How to complete this task: Could you retype exactly the line containing "Running Bare Scoop" and every line after it in the data below, leaving out the pictures?

The data:
------------------------------------
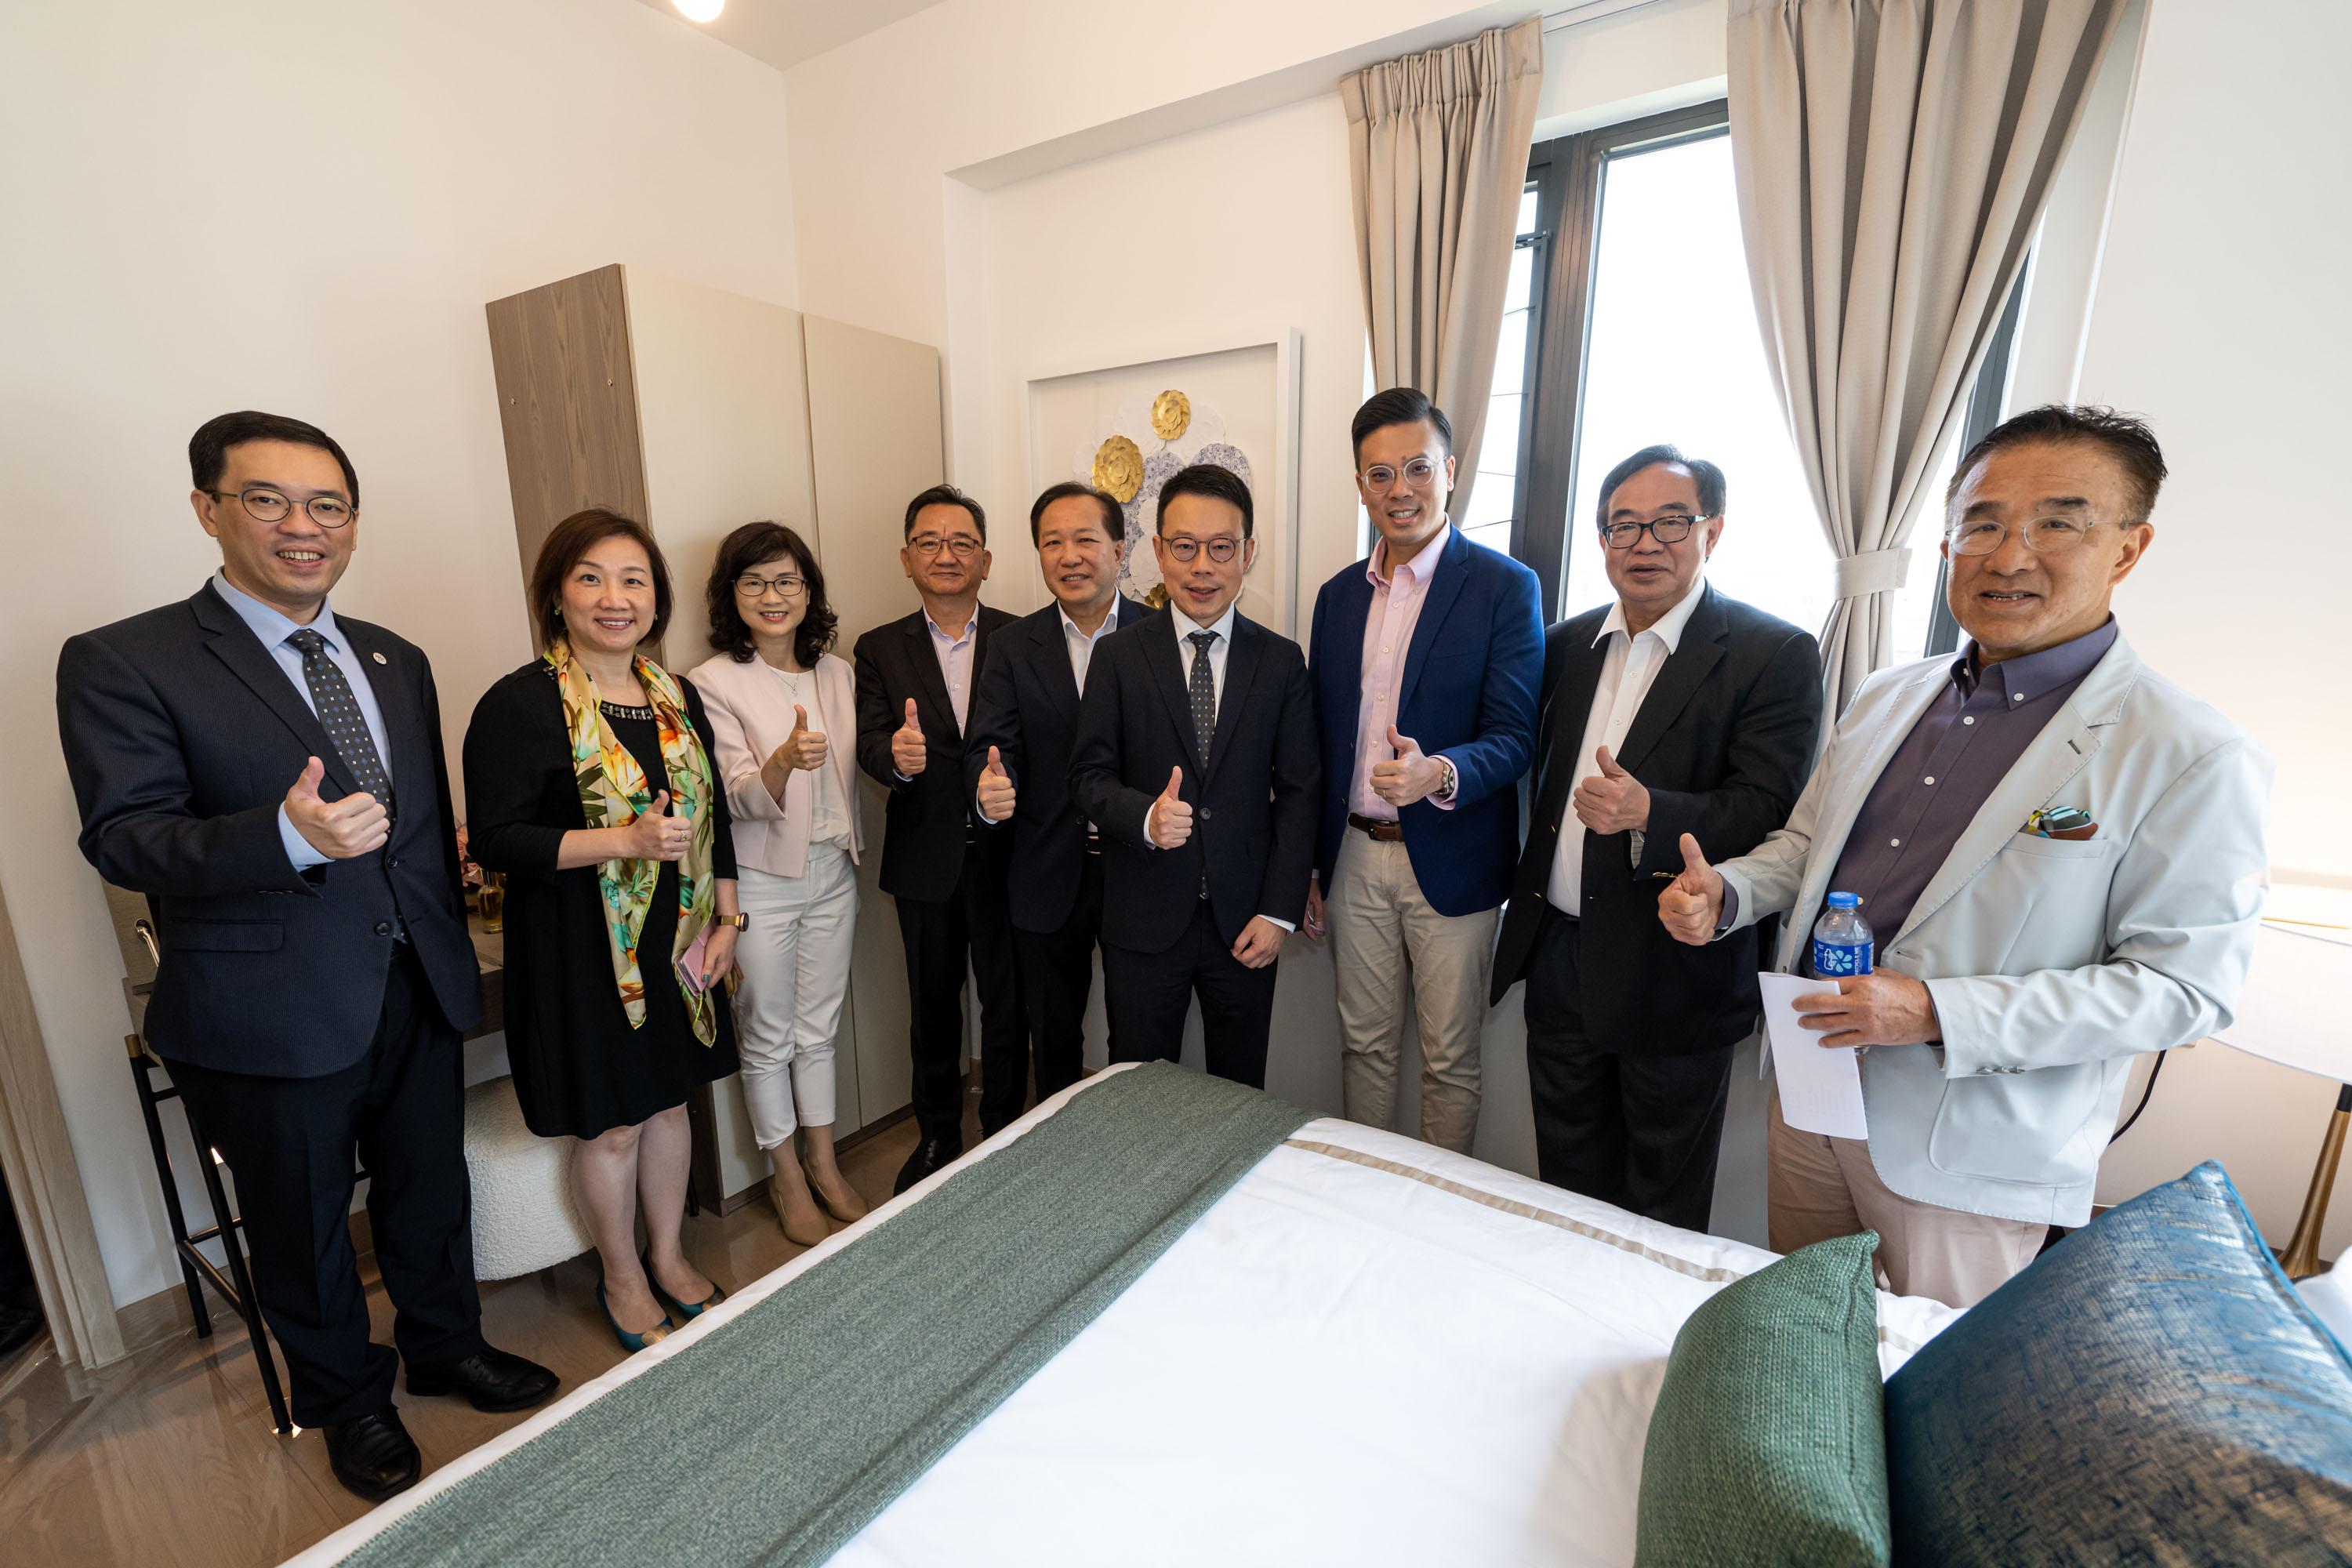 The Legislative Council (LegCo) Panel on Housing visited the Blissful Place of the Hong Kong Housing Society (HKHS) in Hung Hom today (June 2). Photo shows LegCo Members posing for a group photo with representatives of HKHS at a show flat.

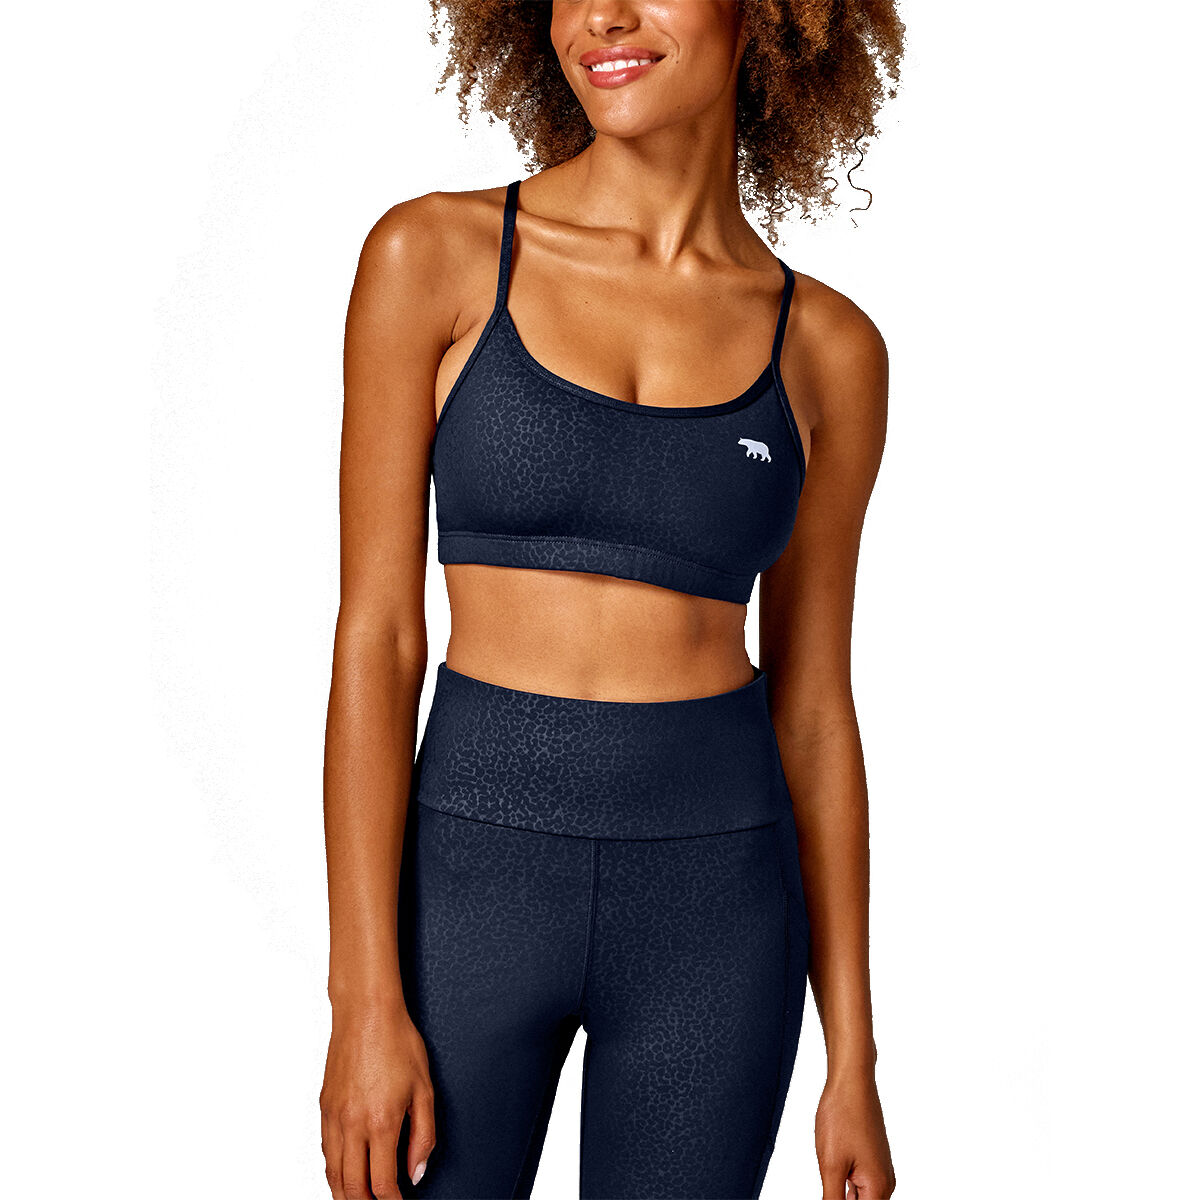 Running Bare Scoop Up Sports Bra Women - Buy Online - Ph: 1800-370-766 -  AfterPay & ZipPay Available!
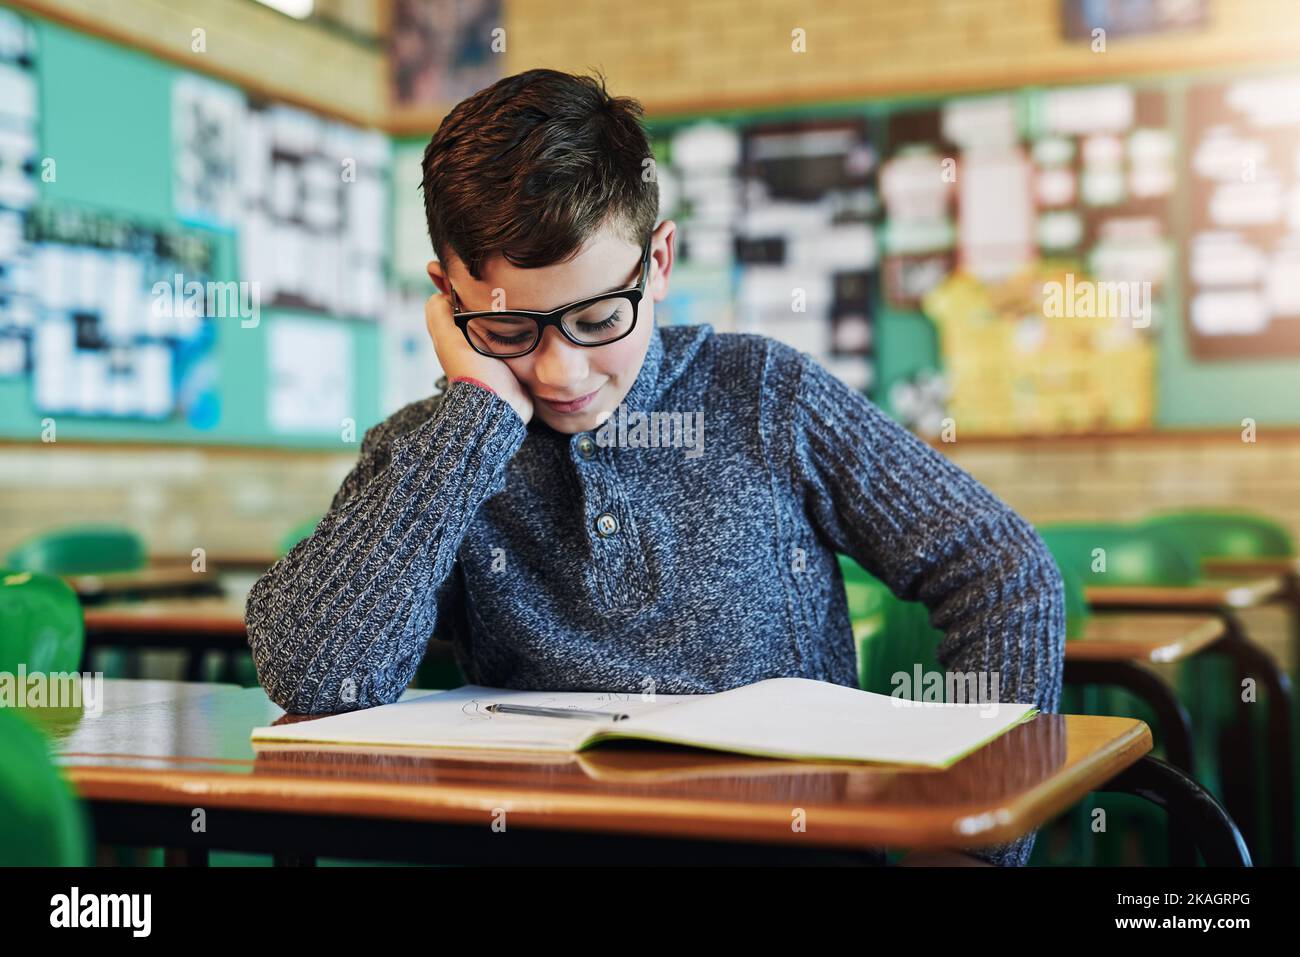 He always falls asleep when reading that book in class. an elementary school boy sleeping at his desk in class. Stock Photo
------------------------------------
Written response:
 Running Bare Scoop Up Sports Bra Women - Buy Online - Ph: 1800-370-766 -  AfterPay & ZipPay Available!
 He always falls asleep when reading that book in class. an elementary school boy sleeping at his desk in class. Stock Photo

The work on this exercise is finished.